I don't know that this will work as a general rule, but it might. This is part of the destabilization I was concerned about before.
Comment 9 James Kozianski 2011-04-12 23:53:55 PDT
> No, this is very much by design. See the writeup I sent to chromium-dev a couple weeks ago for the rationale on this:
> 
> http://groups.google.com/a/chromium.org/group/chromium-dev/browse_thread/thread/52a01dd2c7380457/a6f57f5b912b9cc8?lnk=raot&pli=1

Ah, I see. Thanks for the explanation!

> > Or in other words, before overwriting results in directory X, copy those results to all the directories that currently fall back onto X. It shouldn't be too hard to add that logic to the new tool.
> >
> 
> I don't know that this will work as a general rule, but it might. This is part of the destabilization I was concerned about before.

So the problem in abstract terms would be that when rebaselining ports that other ports fall back onto, you can get into an incorrect state. My thinking is that you can't get into an incorrect state if you rebaseline entire trees of dependent ports at once (which is essentially what a request to rebaseline MAC should do).

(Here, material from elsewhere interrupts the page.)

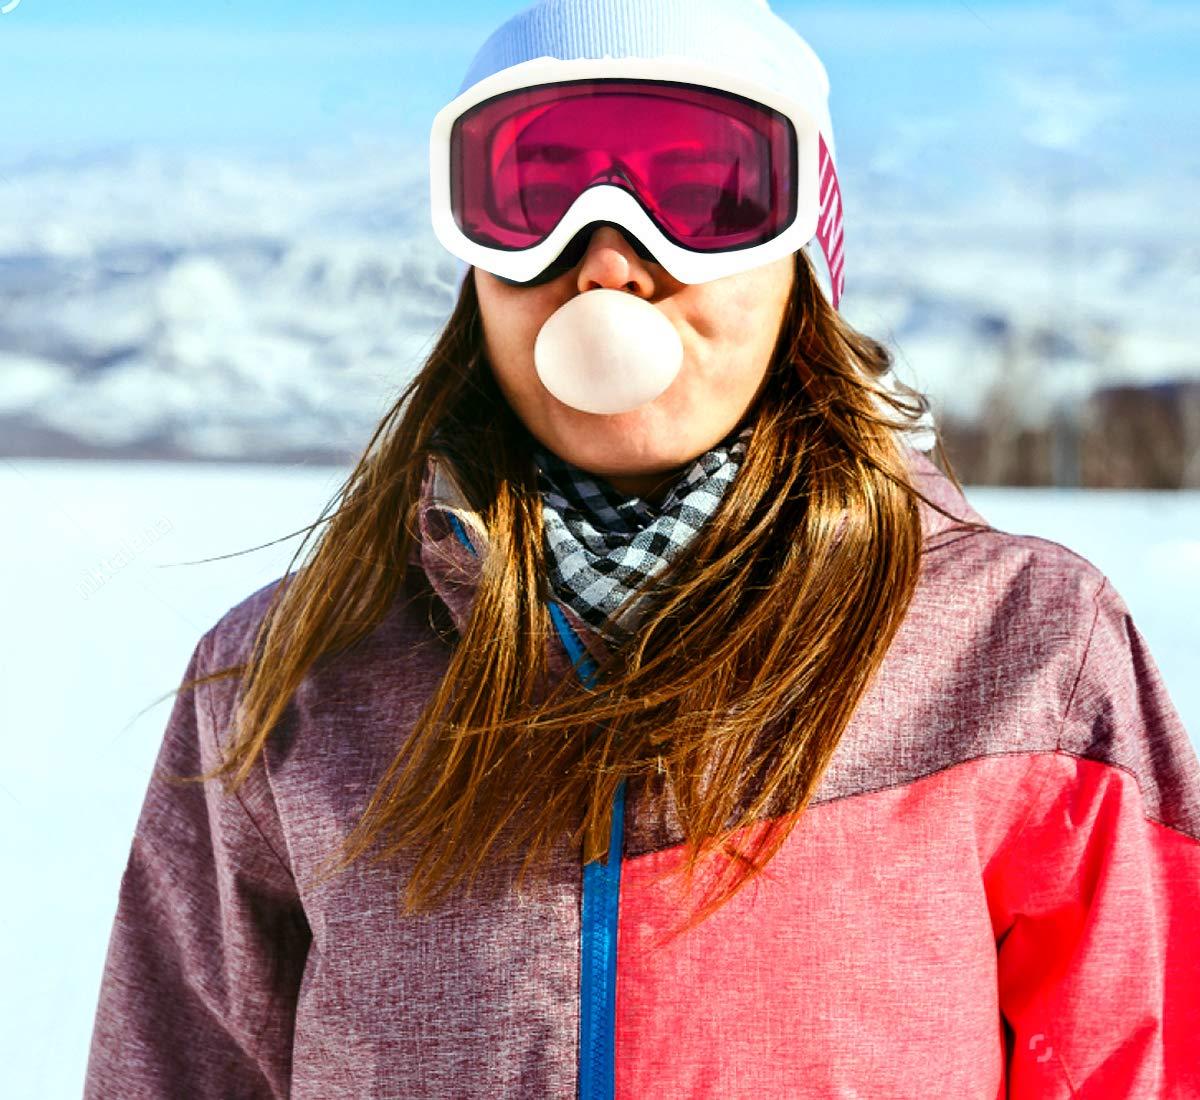 100/% UV Protection Women /& Youth 100/% UV Protection Unigear Skido X1 Ski Goggles VLT 12/% Women /& Youth Revo Blue Lens Anti-Fog Snowboard Goggles for Men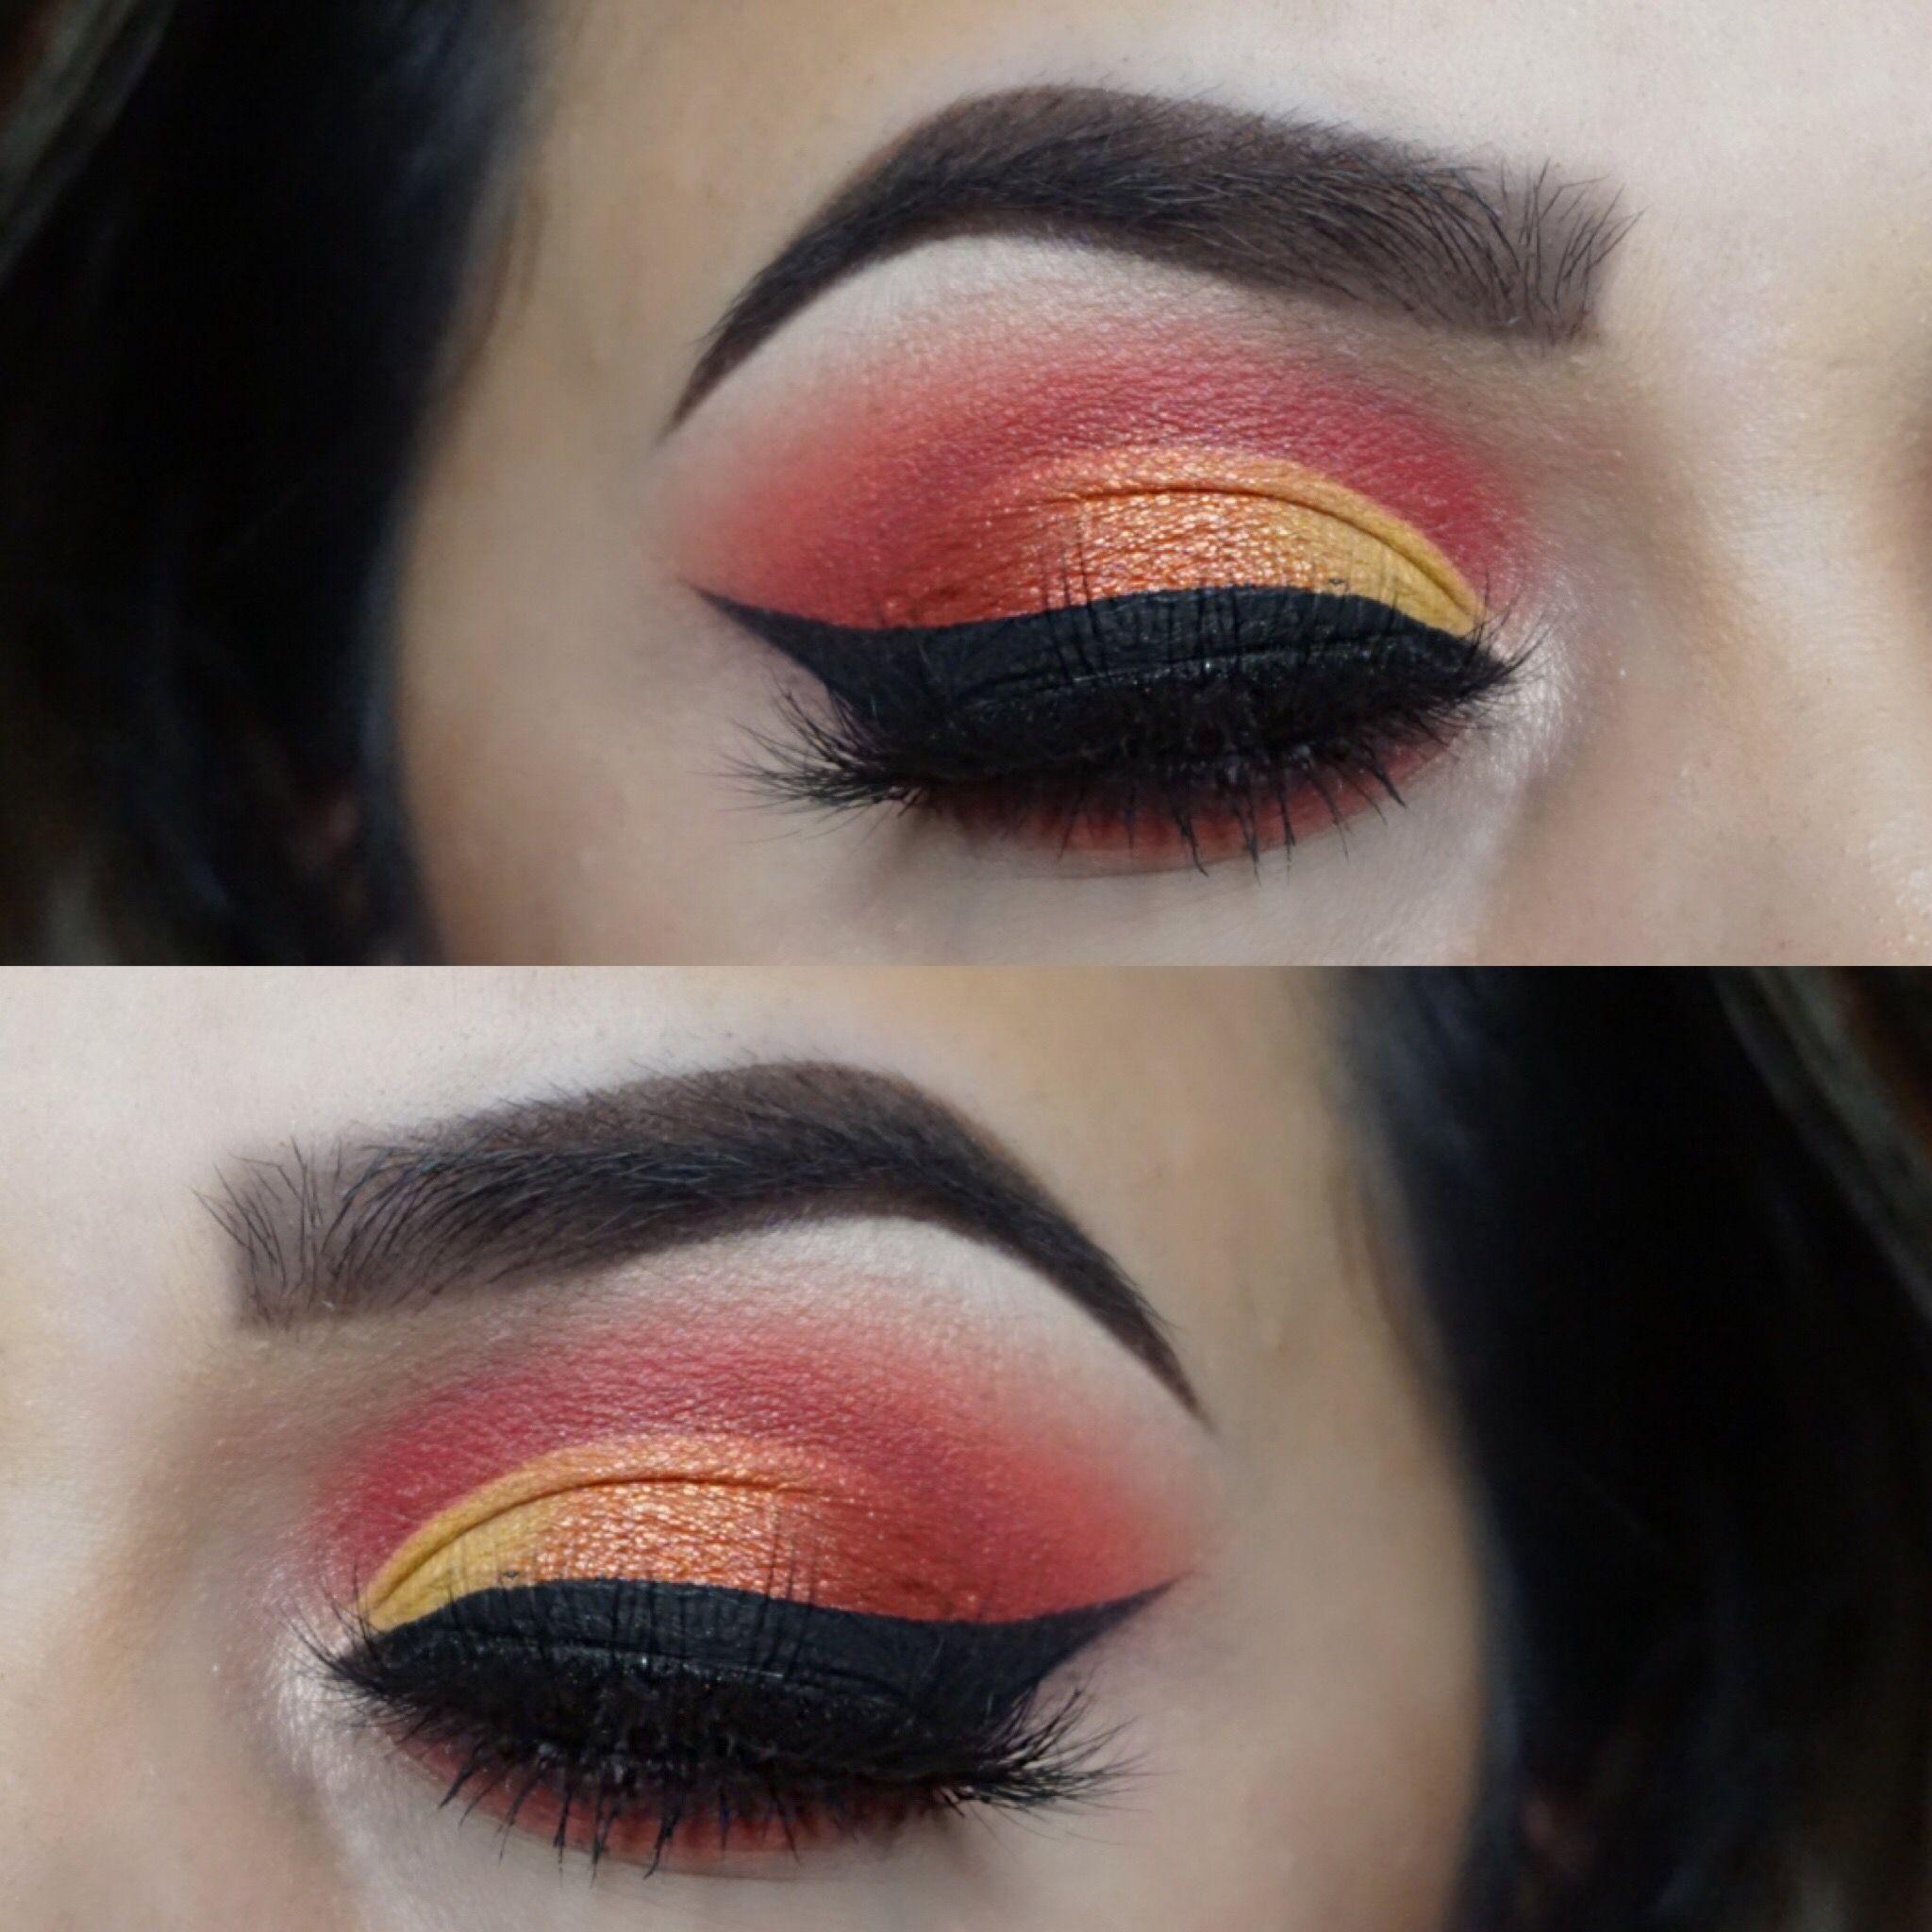 Hot Cheeto eyeshadow look! Flaming hot. Used the Morphe

(As an aside, I think that potential damage / confusion caused by a surprising rebaseline could be lessened significantly if the tool emitted justifications for its actions.)
Comment 10 Dirk Pranke 2011-04-13 12:44:27 PDT
(In reply to comment #9)
> > No, this is very much by design. See the writeup I sent to chromium-dev a couple weeks ago for the rationale on this:
> > 
> > http://groups.google.com/a/chromium.org/group/chromium-dev/browse_thread/thread/52a01dd2c7380457/a6f57f5b912b9cc8?lnk=raot&pli=1
> 
> Ah, I see. Thanks for the explanation!
> 
> > > Or in other words, before overwriting results in directory X, copy those results to all the directories that currently fall back onto X. It shouldn't be too hard to add that logic to the new tool.
> > >
> > 
> > I don't know that this will work as a general rule, but it might. This is part of the destabilization I was concerned about before.
> 
> So the problem in abstract terms would be that when rebaselining ports that other ports fall back onto, you can get into an incorrect state. My thinking is that you can't get into an incorrect state if you rebaseline entire trees of dependent ports at once (which is essentially what a request to rebaseline MAC should do).
> 

Yes, I agree that "all at once" should be the safe and right thing to do. I just think we need to stare carefully at whatever algorithm we implement to do everything at once to make sure we're not missing some use case.

And yes, r-c-w-t definitely could use some better logging.
Comment 11 Dirk Pranke 2012-03-12 18:26:27 PDT
ojan, do you think we can close this now, or is this still an issue?